There is an increasing focus in the research community on the role of chronic inflammation in the development of Alzheimer's disease. With age, the background level of inflammatory signaling rises as the immune system constantly responds to signs of damage and dysfunction. Immune cells become overactive. In the case of the innate immune cells known as monocytes, that give rise to macrophages, an inflammatory background shifts their focus away from supporting processes of regeneration and tissue maintenance, and into a more aggressive and inflammatory state. This has detrimental effects on long-term health, and contributes to the onset of many different age-related conditions.
Alzheimer's disease (AD) is the most common neurodegenerative disease ultimately manifesting as clinical dementia. Despite considerable effort and ample experimental data, the role of neuroinflammation related to systemic inflammation is still unsettled. While the implication of microglia is well recognized, the exact contribution of peripheral monocytes and macrophages is still largely unknown, especially concerning their role in the various stages of AD.

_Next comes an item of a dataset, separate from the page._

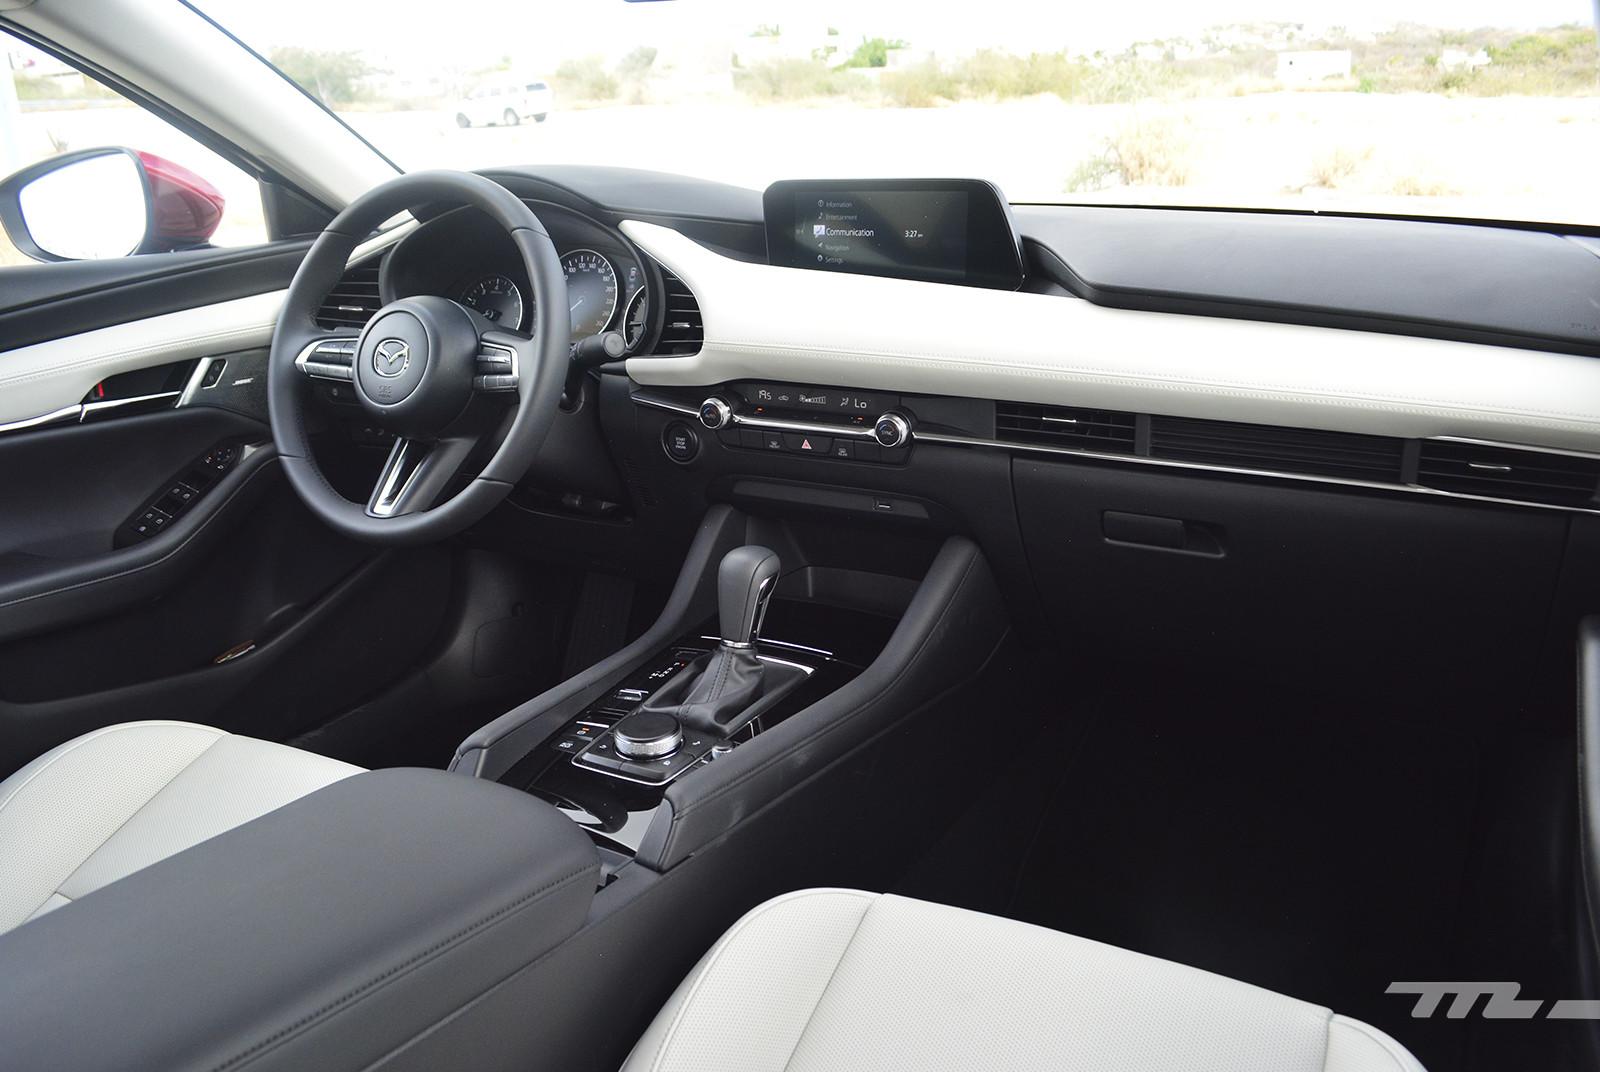 Foto de Mazda 3 vs. SEAT León (comparativa) (15/28)

AD develops over decades and its clinical manifestation is preceded by subjective memory complaints (SMC) and mild cognitive impairment (MCI); thus, the question arises how the peripheral innate immune response changes with the progression of the disease. To further investigate the roles of monocytes and macrophages in the progression of AD we assessed their phenotypes and functions in patients at SMC, MCI, and AD stages and compared them with cognitively healthy controls. We also conceptualised an idealised mathematical model to explain the functionality of monocytes/macrophages along the progression of the disease.

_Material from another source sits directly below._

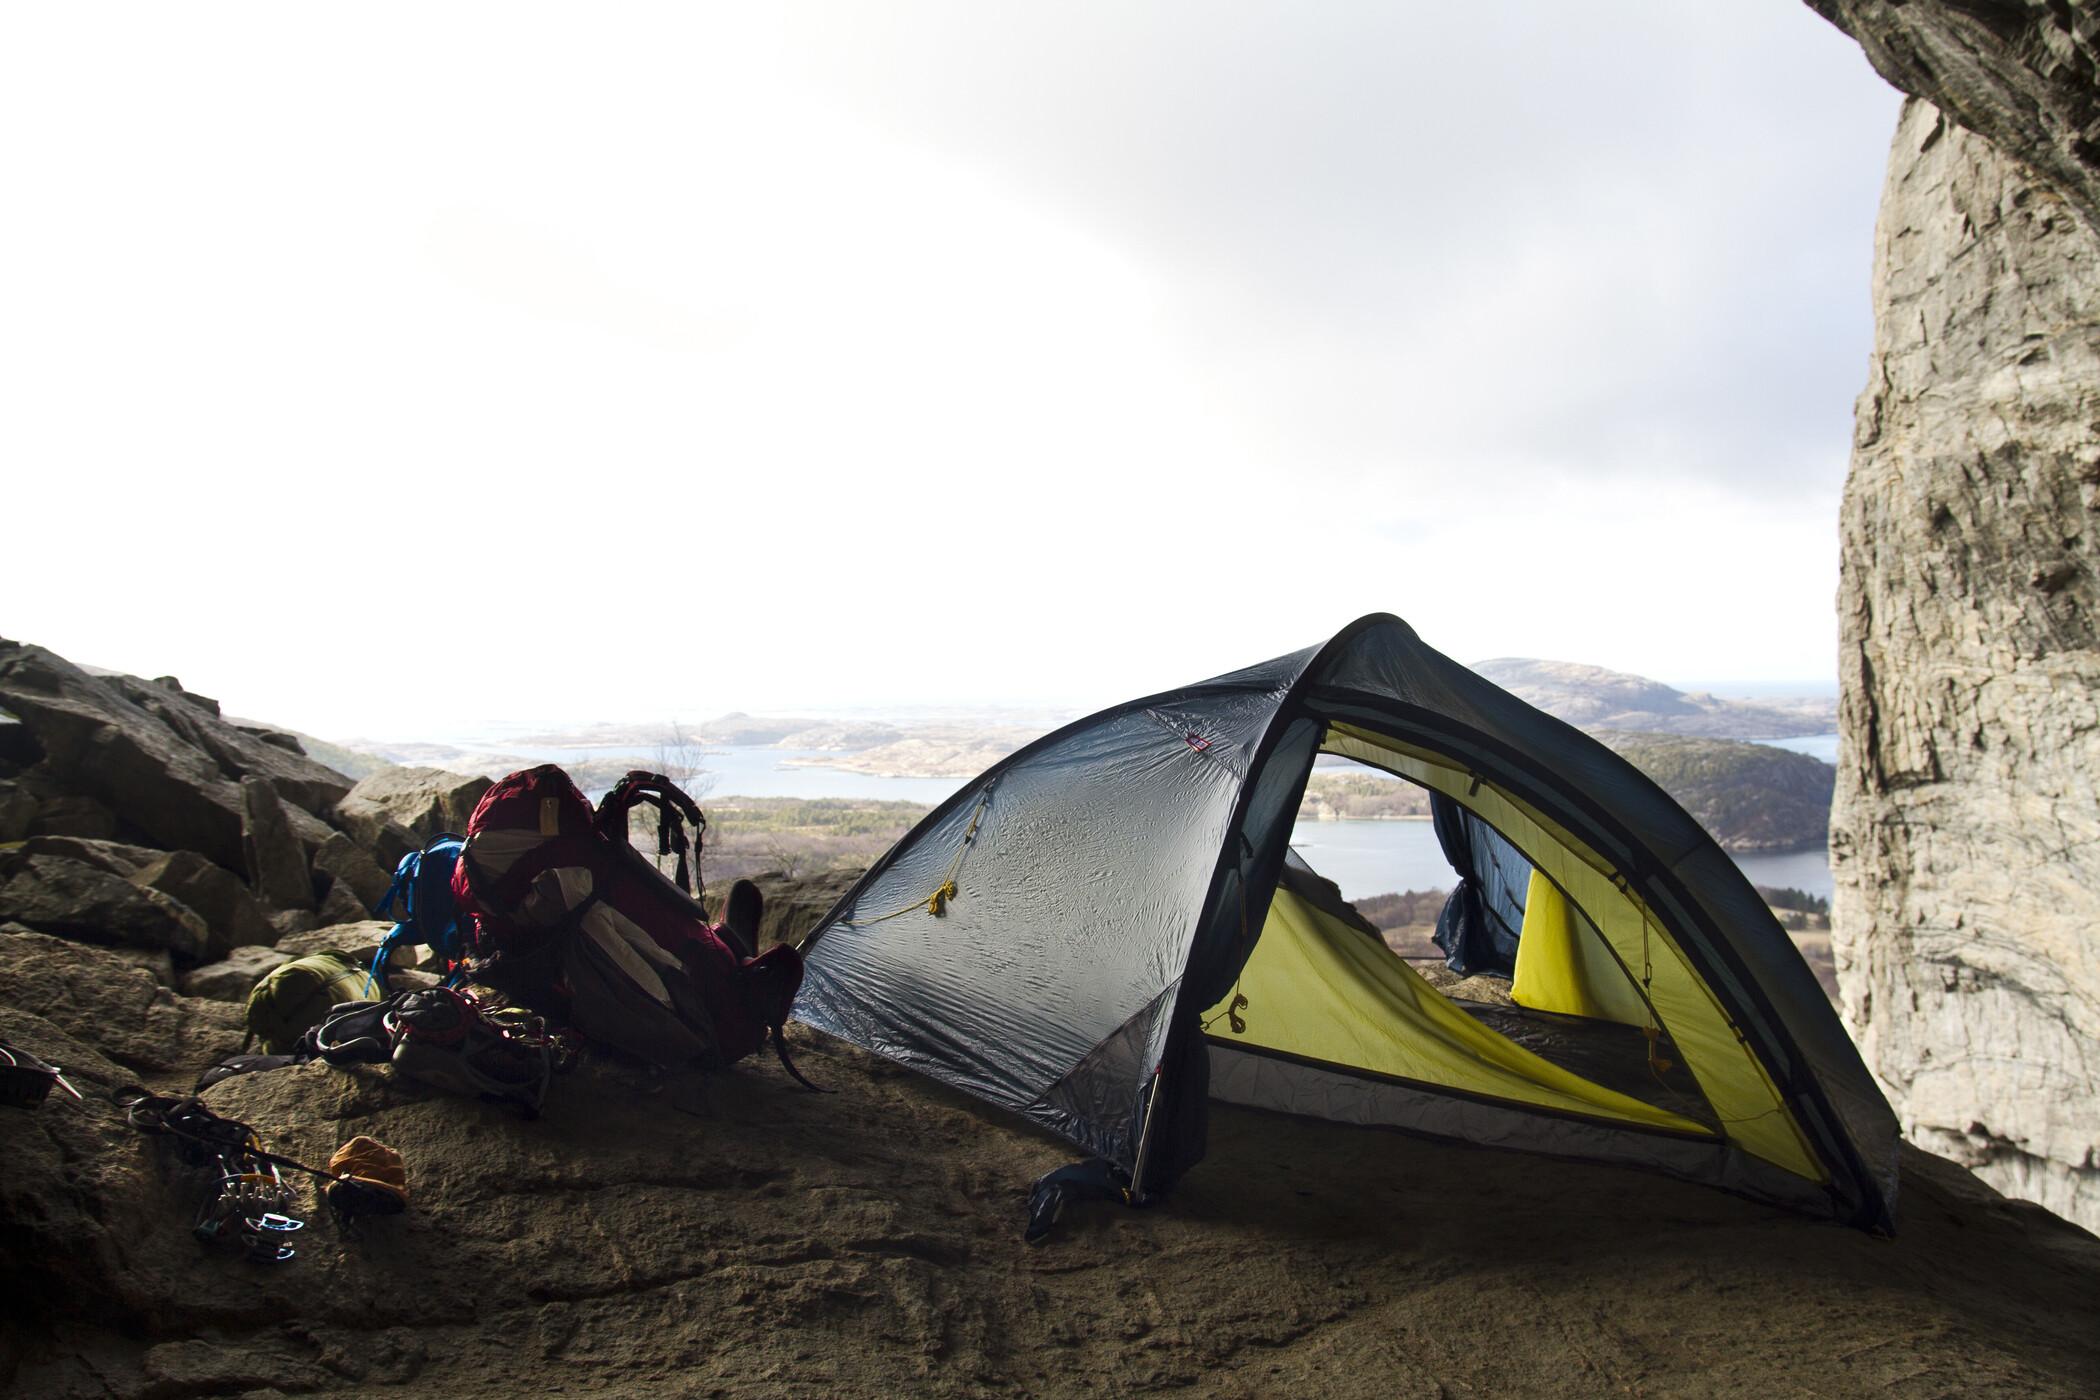 Helsport Reinsfjell Superlight 2 Tent

We show that there are distinct phenotypic and functional changes in monocyte and macrophage populations as the disease progresses. Higher free radical production upon stimulation could already be observed for the monocytes of SMC patients. The most striking results show that activation of peripheral monocytes (hyperactivation) is the strongest in the MCI group, at the prodromal stage of the disease. Monocytes exhibit significantly increased chemotaxis, free radical production, and cytokine production in response to TLR2 and TLR4 stimulation. Thus our data suggest that the peripheral innate immune system is activated during the progression from SMC through MCI to AD, with the highest levels of activation being in MCI subjects and the lowest in AD patients.